A complete solution for open data platforms, enterprise data catalogs, data lakes and data management. Open source, mature, fully-featured and production ready.

DataHub

From what I can tell, datahub doesn't currently support openlineage ingestion for lineage. Is that true or is it in upcoming plans? I see datahub is part of the openlineage docs here: <https://openlineage.io/getting-started/>

<@U02GSKURF33> It is correct that we don't yet have any connectors for openlineage. Would be curious to learn what use cases you are trying to address. Often, just getting metadata out of tools is the hardest part as opposed to representing them in standard formats but we will build the adapters if the use-cases are compelling.

<@U01C3DMG2GL> we actually have an internal workflow engine (open source here: <https://github.com/insitro/redun>) that we use for all of our internal analysis pipelines. I want to write something to take the internal executions and get the s3 artifacts + metadata into datahub automatically. From the openlineage docs, we originally thought the openlineage --&gt; datahub was already done, so we only needed to implement redun --&gt; openlineage. Any suggestions? It seems like now the benefit of implementing the openlineage representation in the middle is if datahub implements its own openlineage ingestion, or we want to re-use the lineage for other tools that do.

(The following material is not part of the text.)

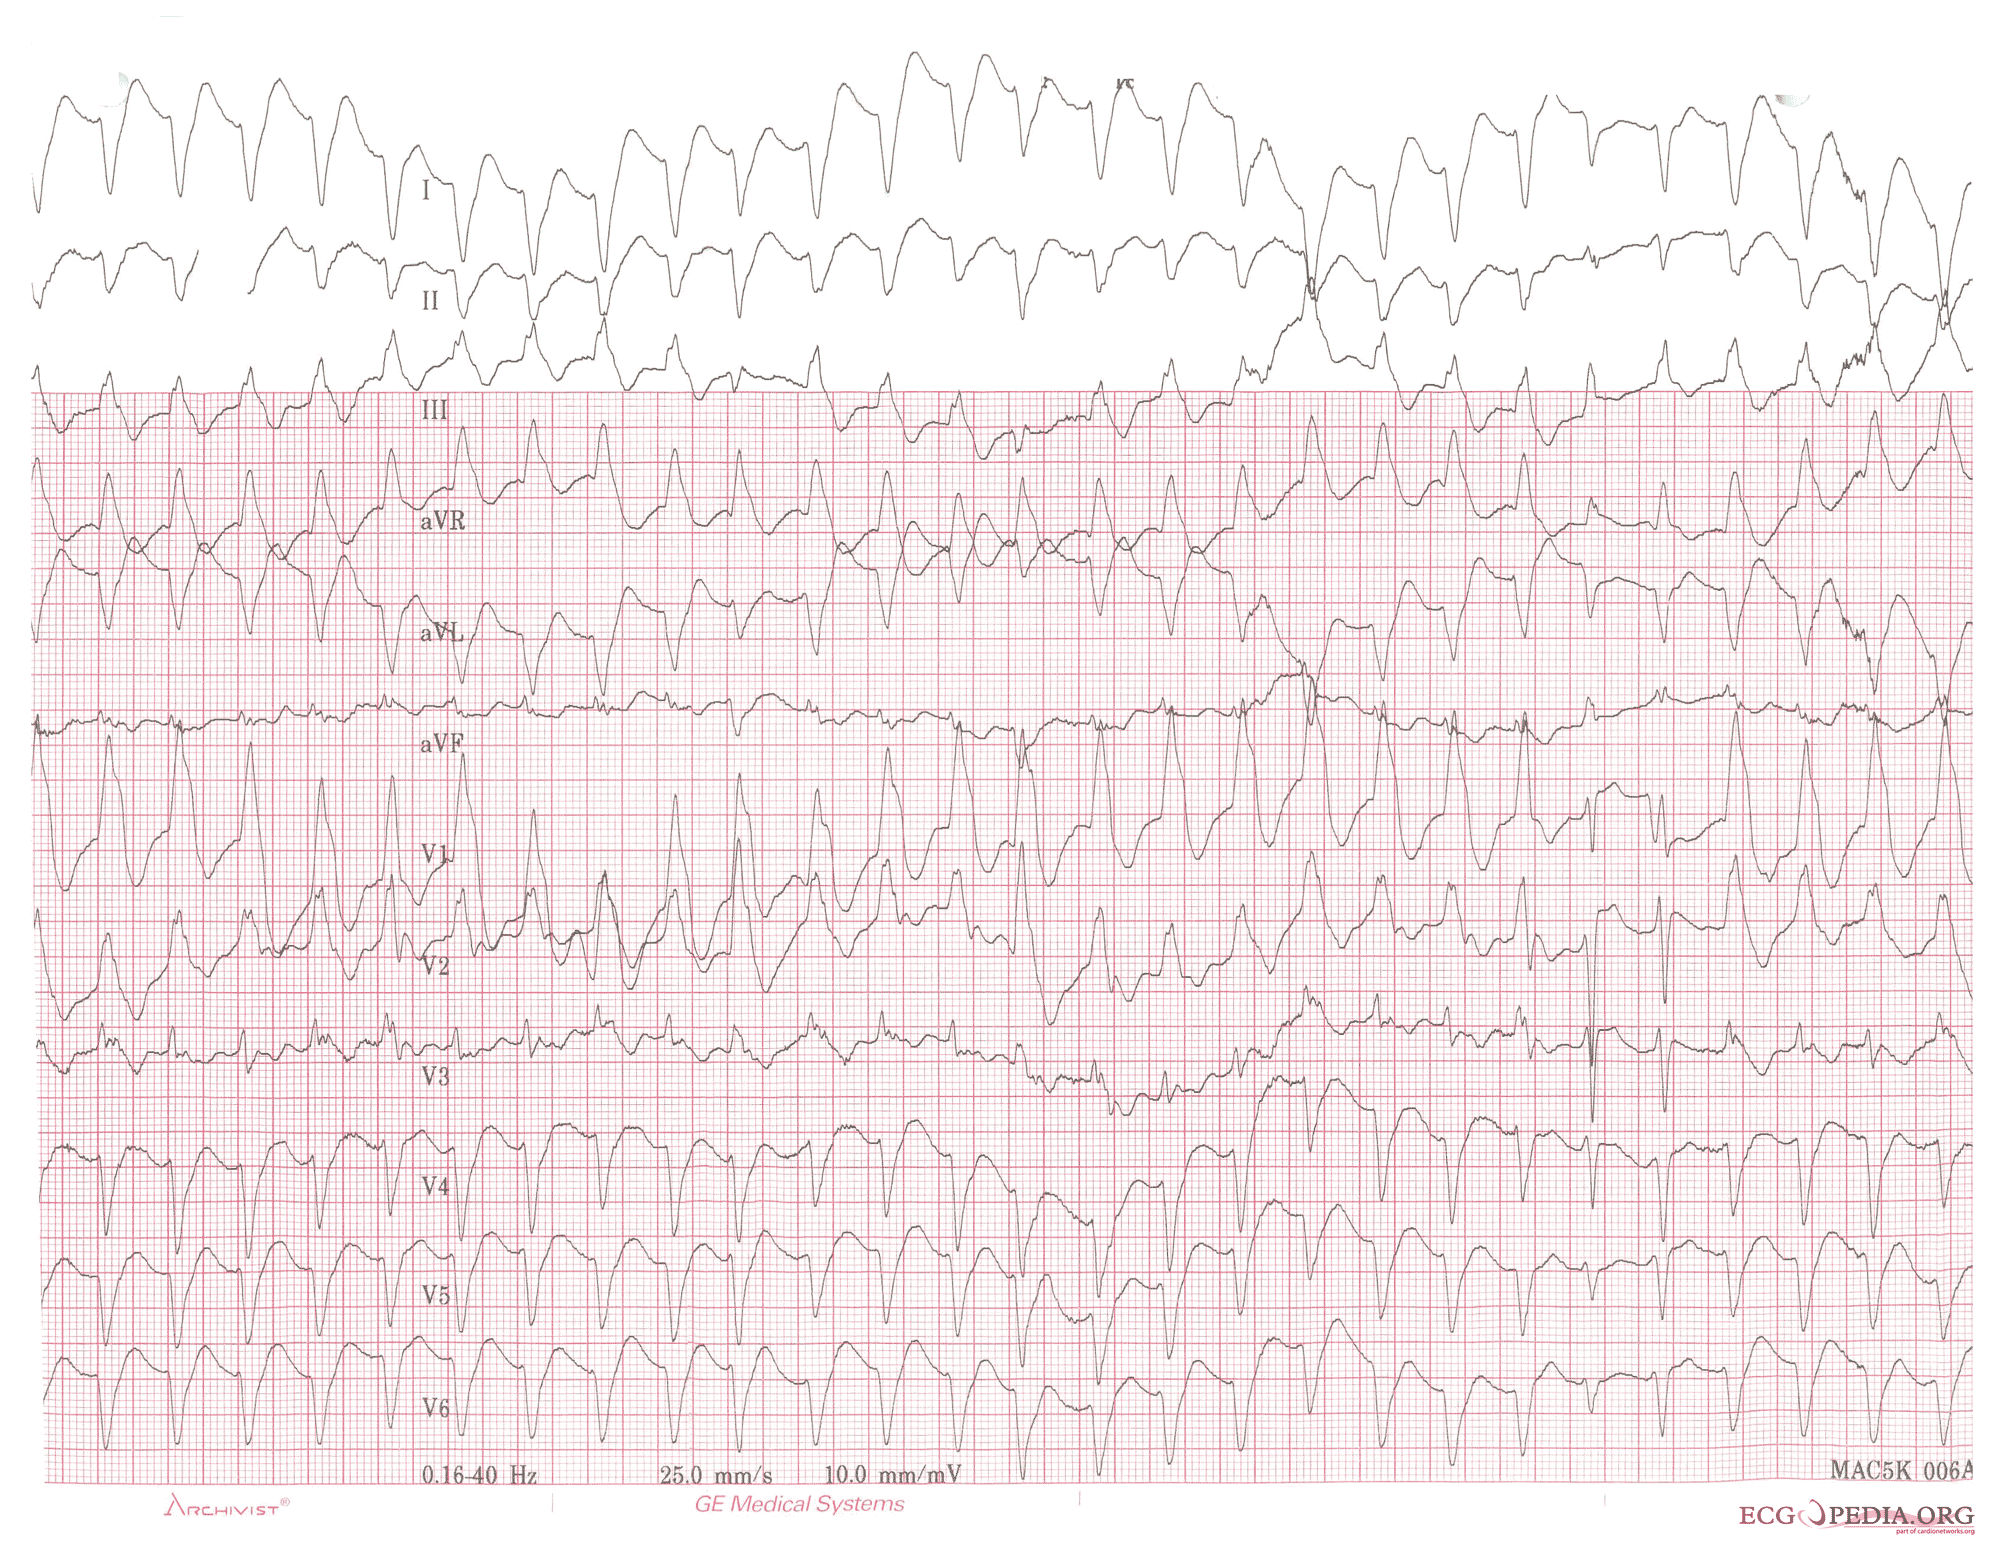 Ventricular tachycardia of 150 bpm with a right bundle branch block pattern and right heart axis. Note the 5th and 6th complex from the right side. These are fusion complexes.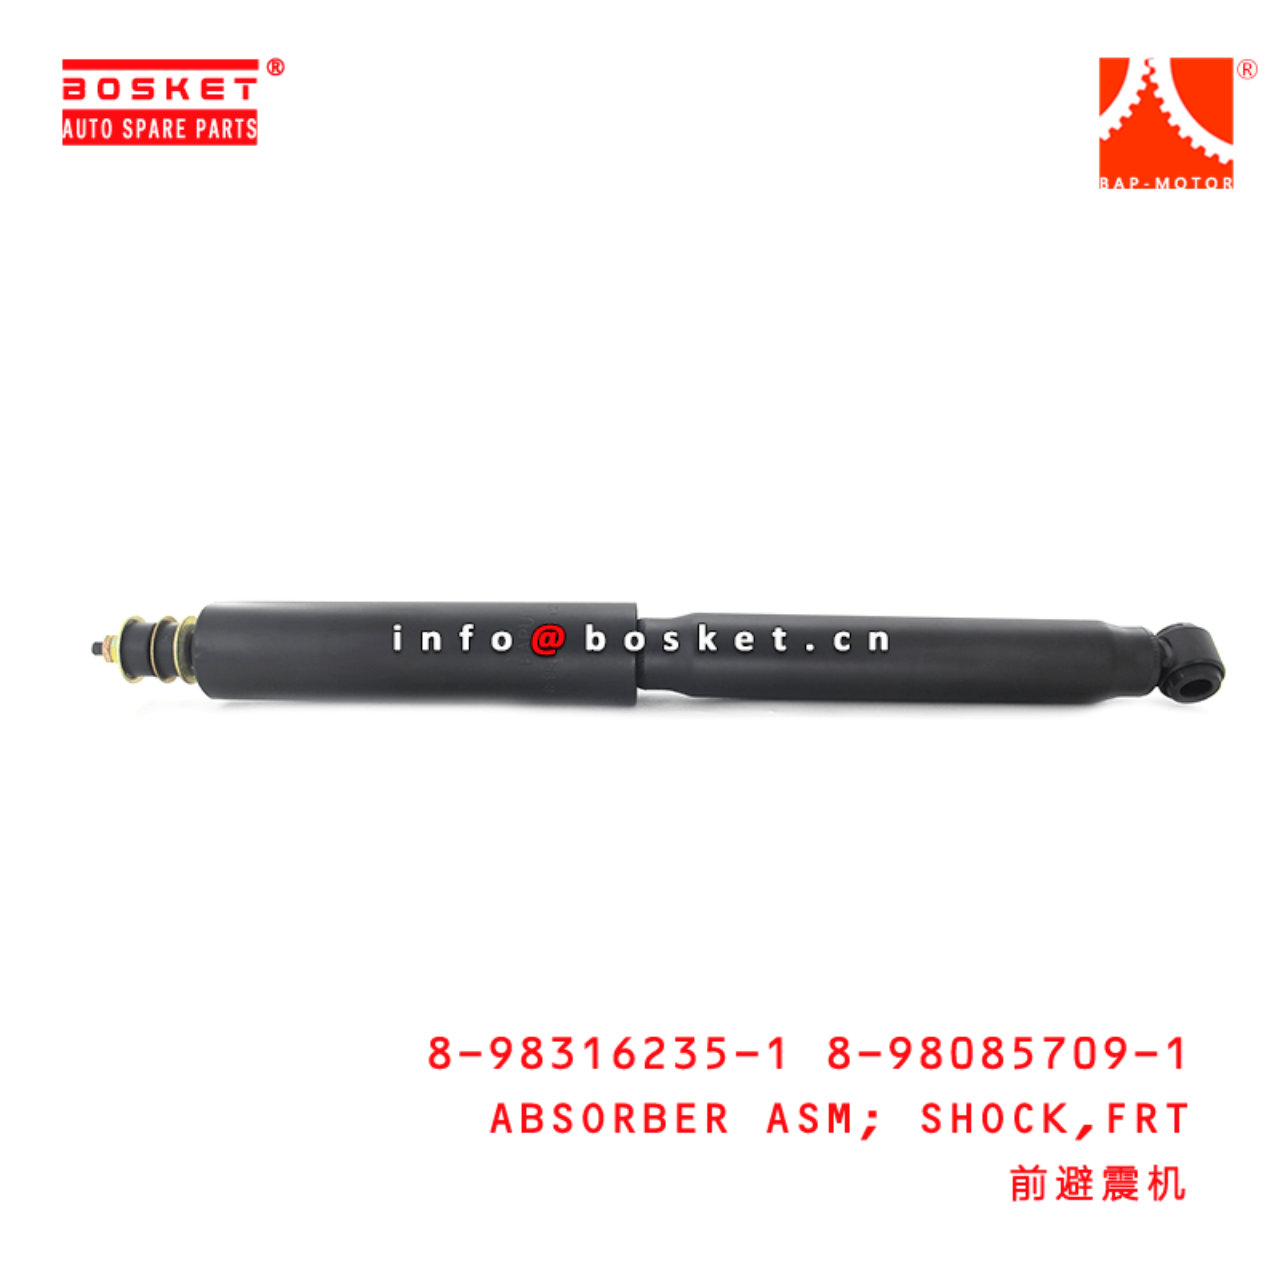 8-98316235-0 8-98085709-0 Front Shock Assembly Absorber 8983162350 8980857090 Suitable for ISUZU NMR

it would be trivial to emit lineage edges using the DataHub python SDK. Using an intermediate representation will make sense only if there are multiple sinks which all support the intermediate format like you said.

The recipes for emitting lineage edges are here

<https://datahubproject.io/docs/lineage/sample_code/>

redun looks interesting btw - will check it out!

agreed, I was looking at those last night and it feels like the easiest way to go about this. BTW are there any plans to implement openlineage &lt;-&gt; datahub, or not at the moment? It's misleading that they have the datahub logo front and center, but appreciate that's obviously not under datahub's control.

How much effort is required for developing an openlineage integration connector (roughly)? Is there any tutorials/examples?